A single-dose gene editing therapy has shown the potential to halt the progression of a rare, debilitating nerve disease. In a clinical trial, the therapy, nexiguran ziclumeran, led to the stabilization or improvement of neuropathy symptoms in patients with hereditary transthyretin amyloidosis with polyneuropathy (ATTRv-PN). The treatment uses CRISPR-Cas9 technology to reduce the production of a protein that misfolds and damages nerves.
Hereditary transthyretin amyloidosis is a life-threatening disease caused by a gene mutation that results in the buildup of abnormal protein deposits in the nerves and other organs. These deposits cause progressive damage, leading to a decline in neurological function. The new therapy, formerly known as NTLA-2001, is designed to be a one-time treatment that permanently edits the target gene in the liver, thereby reducing the levels of the disease-causing protein in the bloodstream.

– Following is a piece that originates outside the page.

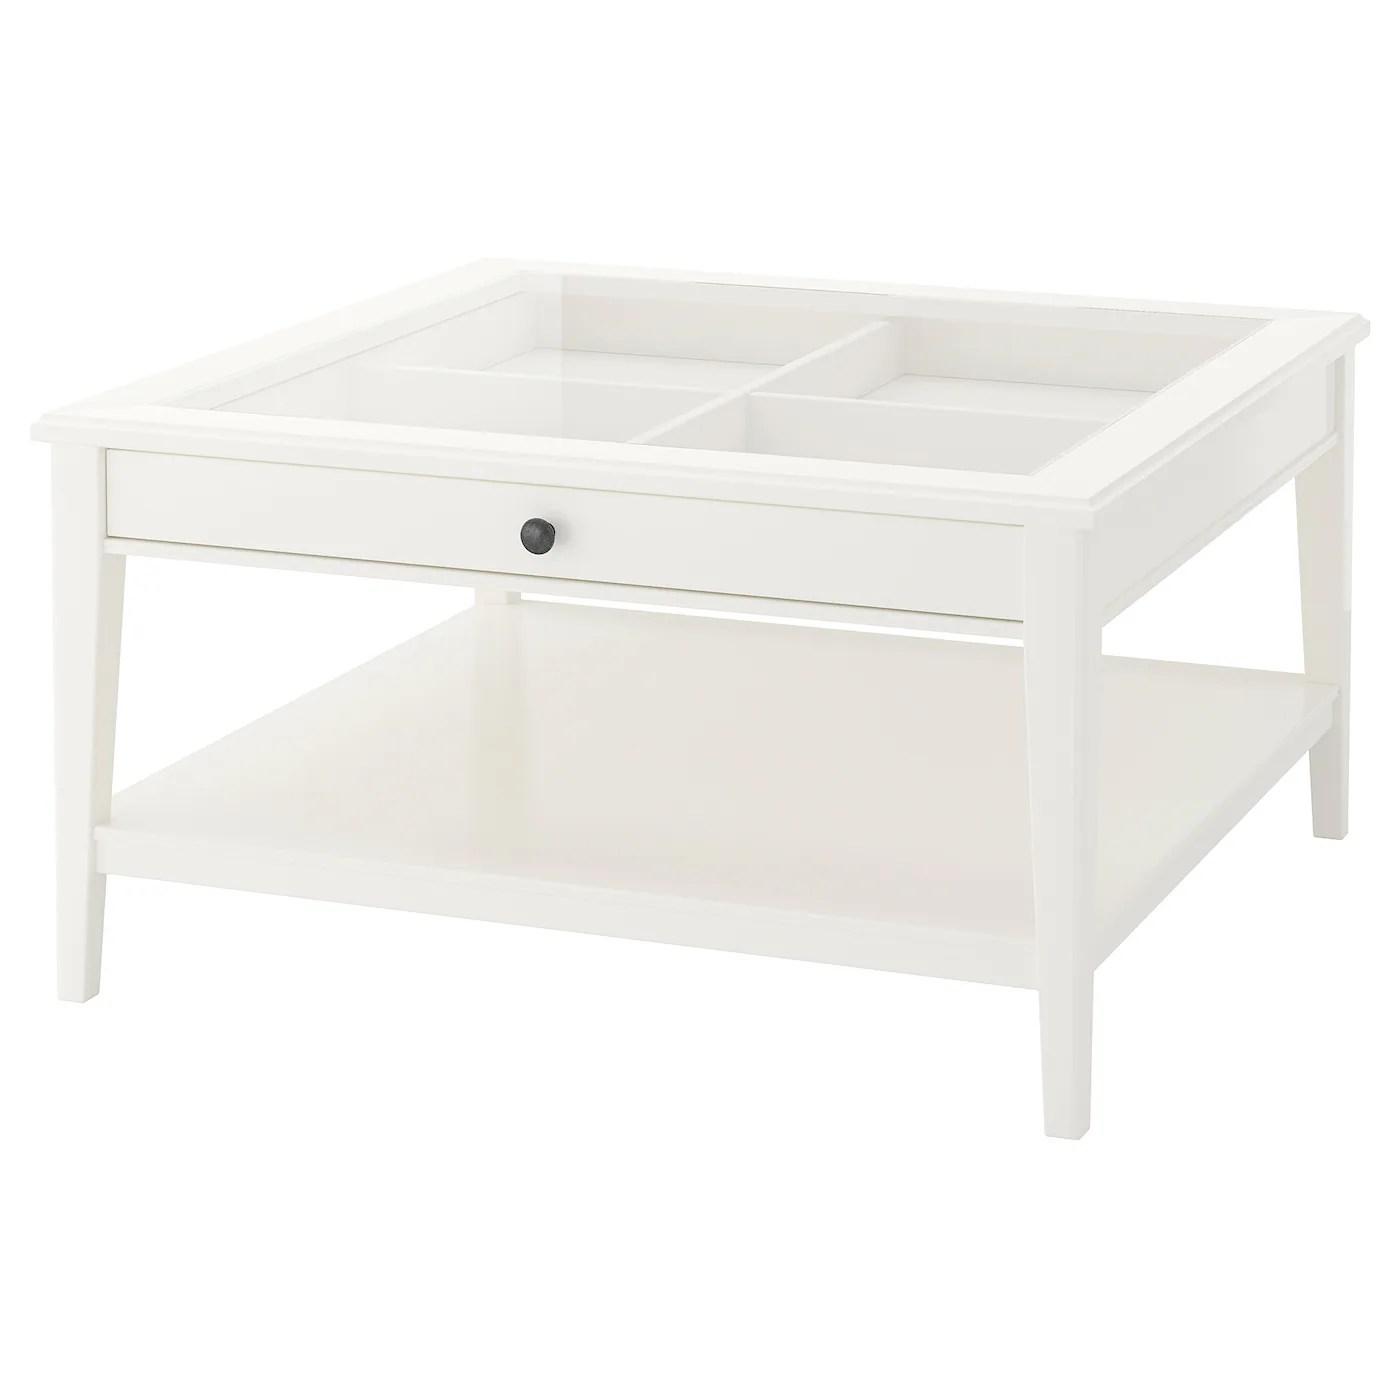 liatorp table basse blanc verre 93x93 cm

Mechanism of Gene Editing Therapy
The therapy is administered as a single intravenous infusion. It utilizes a lipid nanoparticle delivery system to transport two key components to the liver: a guide RNA that targets the transthyretin (TTR) gene and a messenger RNA that encodes the Cas9 enzyme. The guide RNA directs the Cas9 enzyme to the specific location on the TTR gene, where it makes a precise cut, effectively disabling or “knocking out” the gene. This process prevents the liver from producing the mutated TTR protein, thus halting the accumulation of amyloid deposits that cause nerve damage.

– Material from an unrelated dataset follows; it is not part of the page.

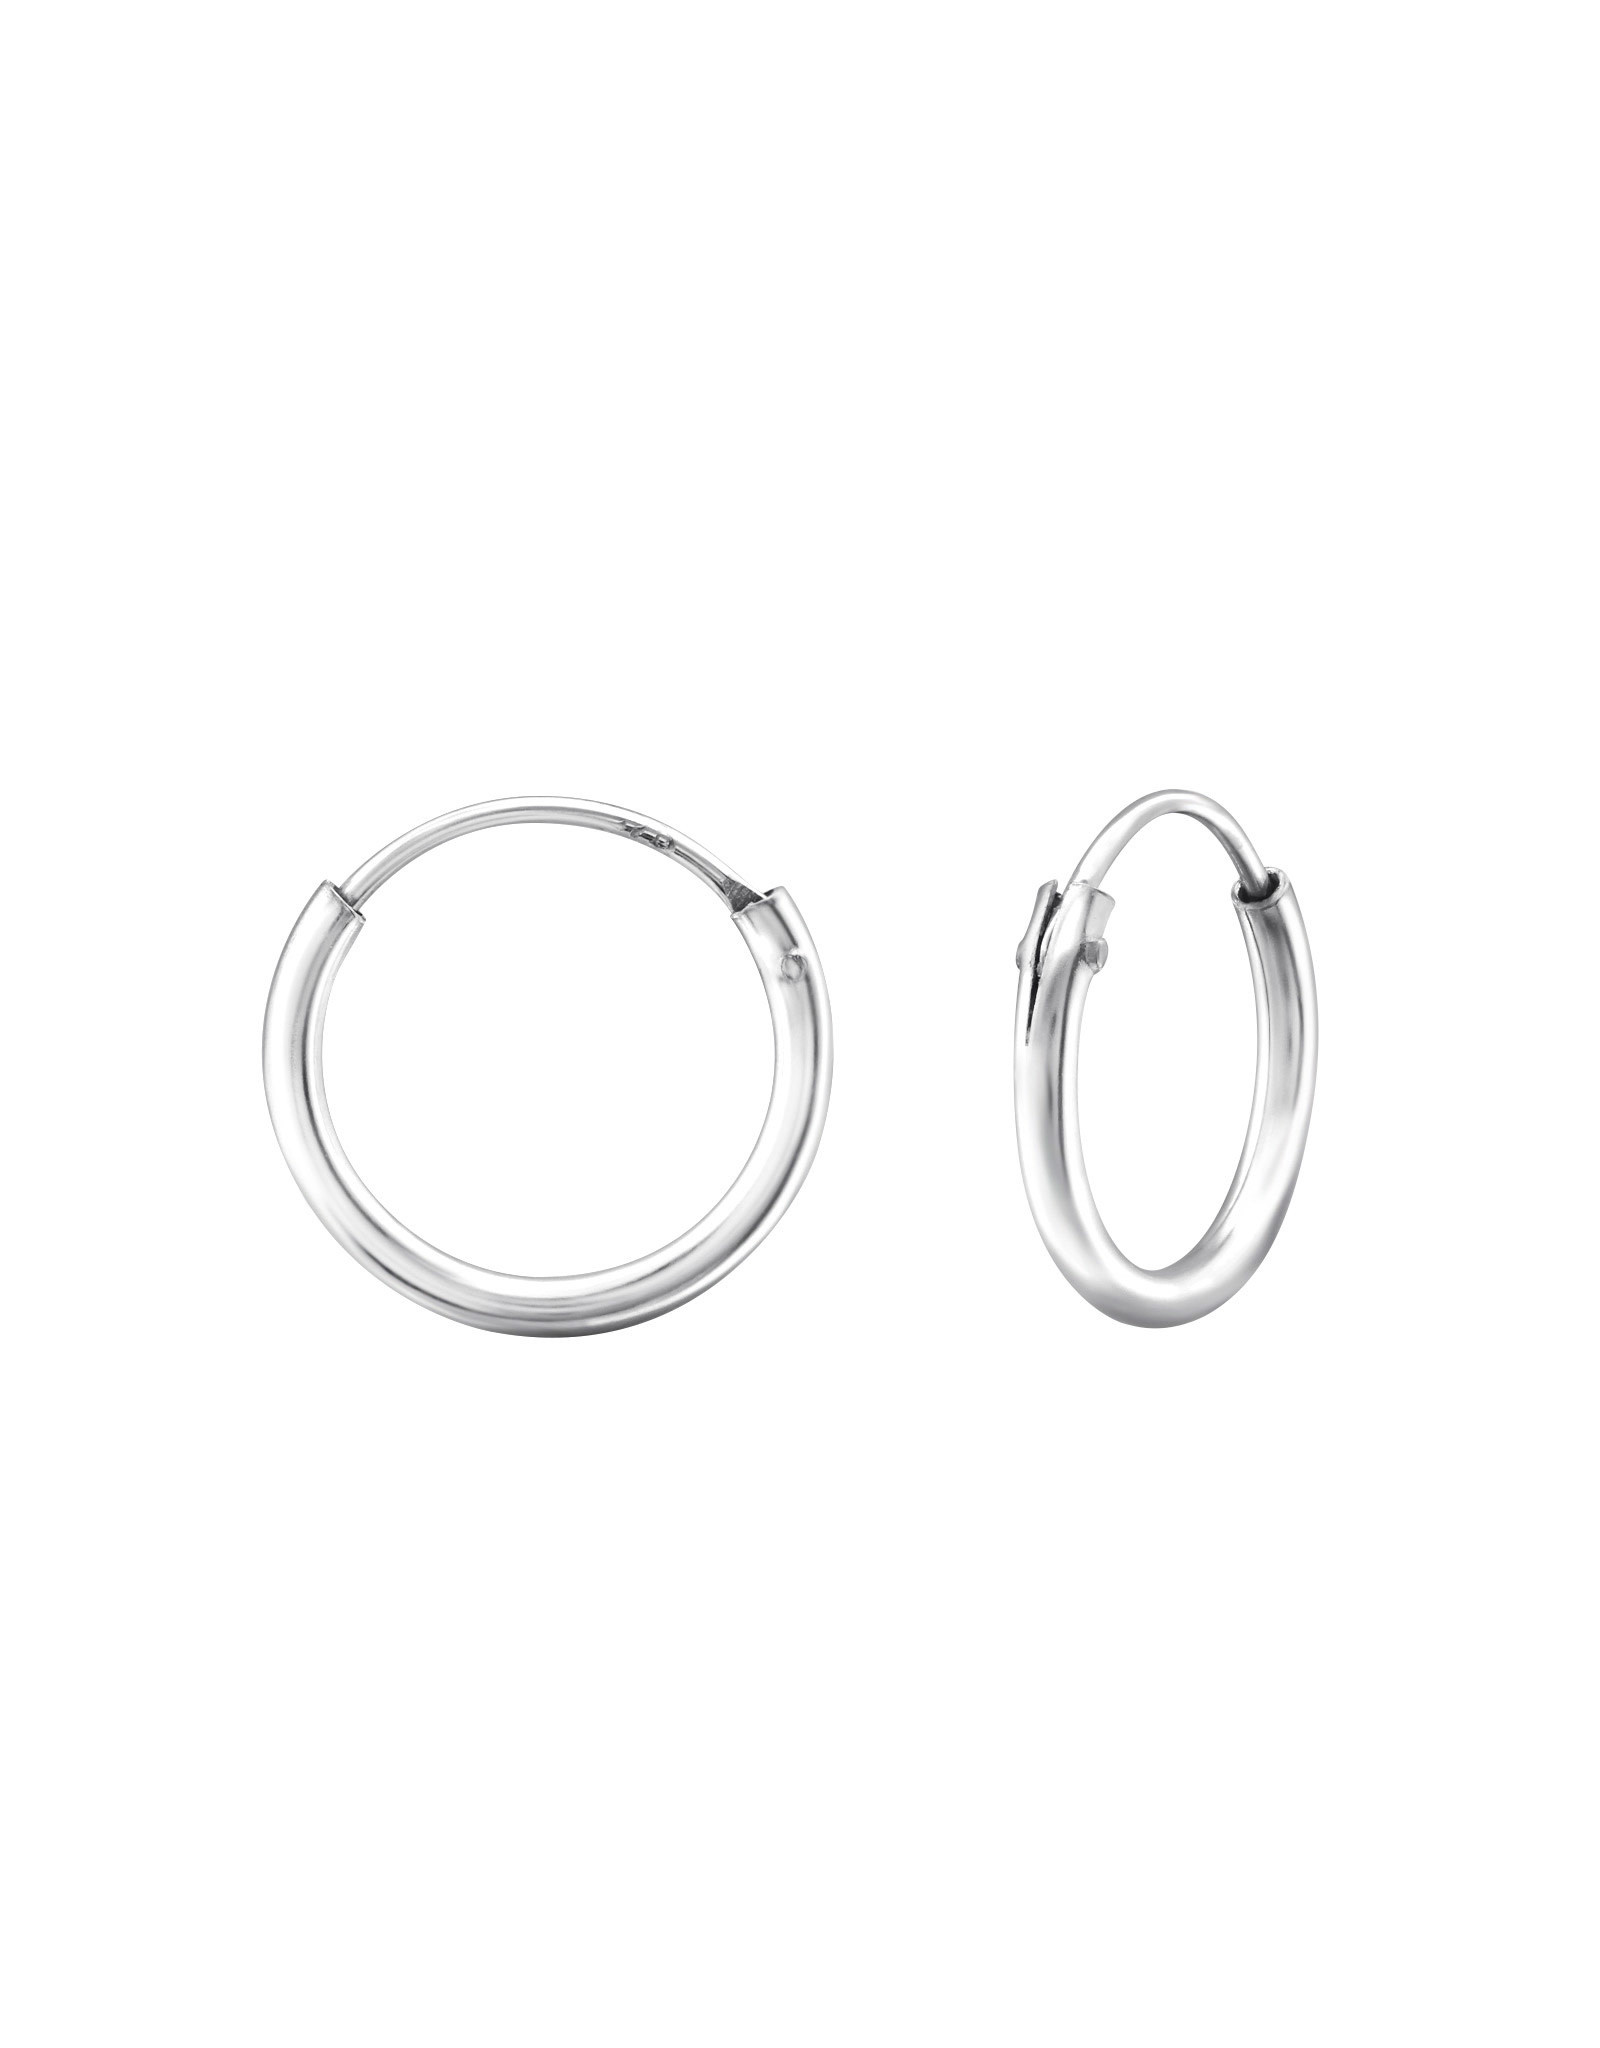 Ringetjes zilver 12mm

Clinical Trial and Patient Outcomes
Neuropathy Score Stabilization
The ongoing Phase 1 study has demonstrated promising results in patients with ATTRv-PN. After two years of follow-up, the therapy showed evidence of disease modification, with favorable trends indicating stability or improvement in neuropathy. Clinical and biomarker measures, including the Neuropathy Impairment Score (NIS) and the modified Neuropathy Impairment Score +7 (mNIS+7), were used to assess the therapy’s effectiveness. Among 18 patients who completed a 24-month assessment, 14 showed a clinically meaningful improvement in their mNIS+7 score. Notably, this included five of six patients who had previously been progressing on an existing therapy before entering the study.

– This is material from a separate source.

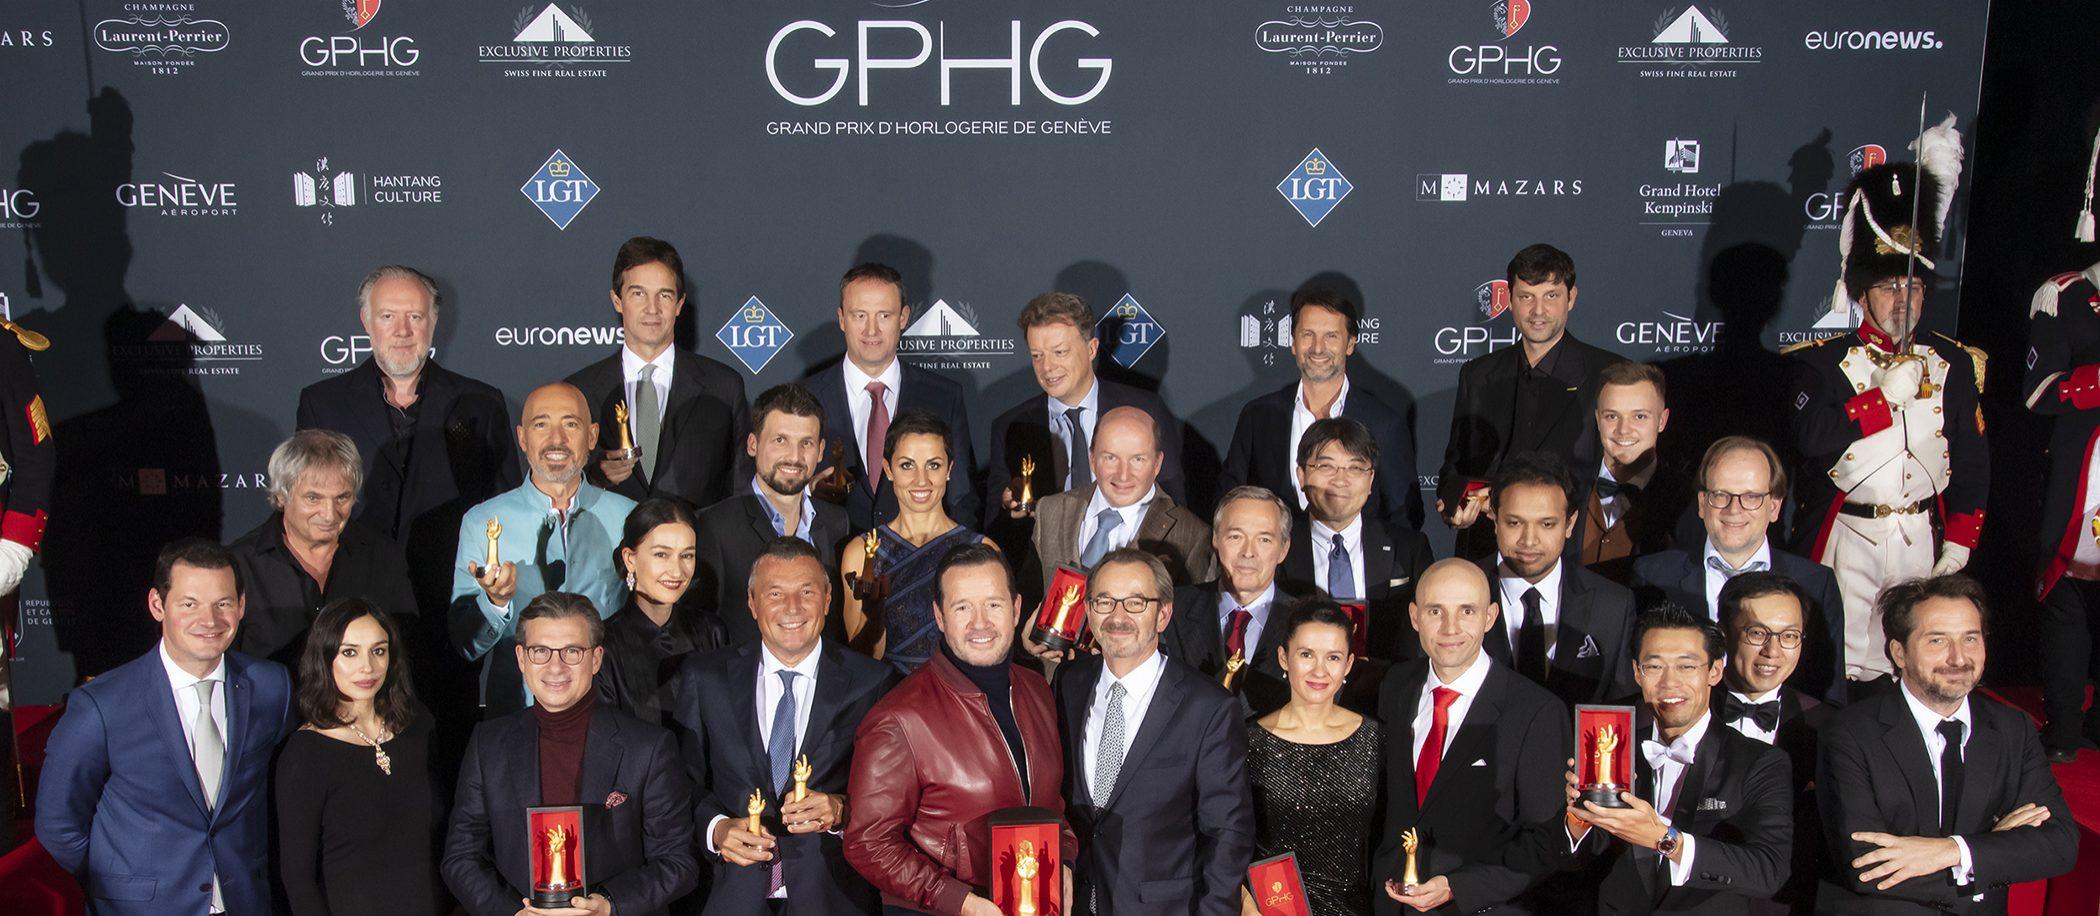 Grand Prix d'Horlogerie de Geneve – Academy

Reduction in Disease-Causing Protein
The clinical benefits observed in the trial are supported by significant and lasting reductions in the serum TTR protein levels. Across patients who received a dose of 0.3 mg/kg or higher, the mean serum TTR reduction was 90% by day 28. These reduced levels remained consistent for at least two years, suggesting a durable effect from the single-dose treatment. The profound and sustained reduction of the TTR protein is a key indicator of the therapy’s potential to halt disease progression.
Safety and Tolerability
The gene editing therapy was generally well-tolerated by patients in the clinical trial. The most common adverse events were mild and included headache, infusion-related reactions, back pain, rash, and nausea. No clinically significant liver issues were observed. The encouraging safety profile supports the continued development of the therapy for the treatment of ATTR amyloidosis.
Future Research and Development
Based on the positive results from the Phase 1 trial, a global Phase 3 study, known as MAGNITUDE-2, is planned to further evaluate the efficacy and safety of nexiguran ziclumeran. The primary endpoints of this study will be the change in the modified neuropathy impairment score and the change in serum TTR levels. The company developing the therapy expects to be able to support a biologics license application for the treatment of ATTRv-PN by 2028.
Broader Implications for Gene Editing
The success of this trial represents a significant milestone for the field of gene editing. It is the first study to provide clinical data supporting the safety and efficacy of in vivo CRISPR genome editing in humans, where the gene editing is performed directly inside the body. This approach has the potential to revolutionize the treatment of a wide range of genetic diseases by offering a one-time, potentially curative therapy. The ongoing research into nexiguran ziclumeran will continue to provide valuable insights into the long-term effects and broader applications of this groundbreaking technology.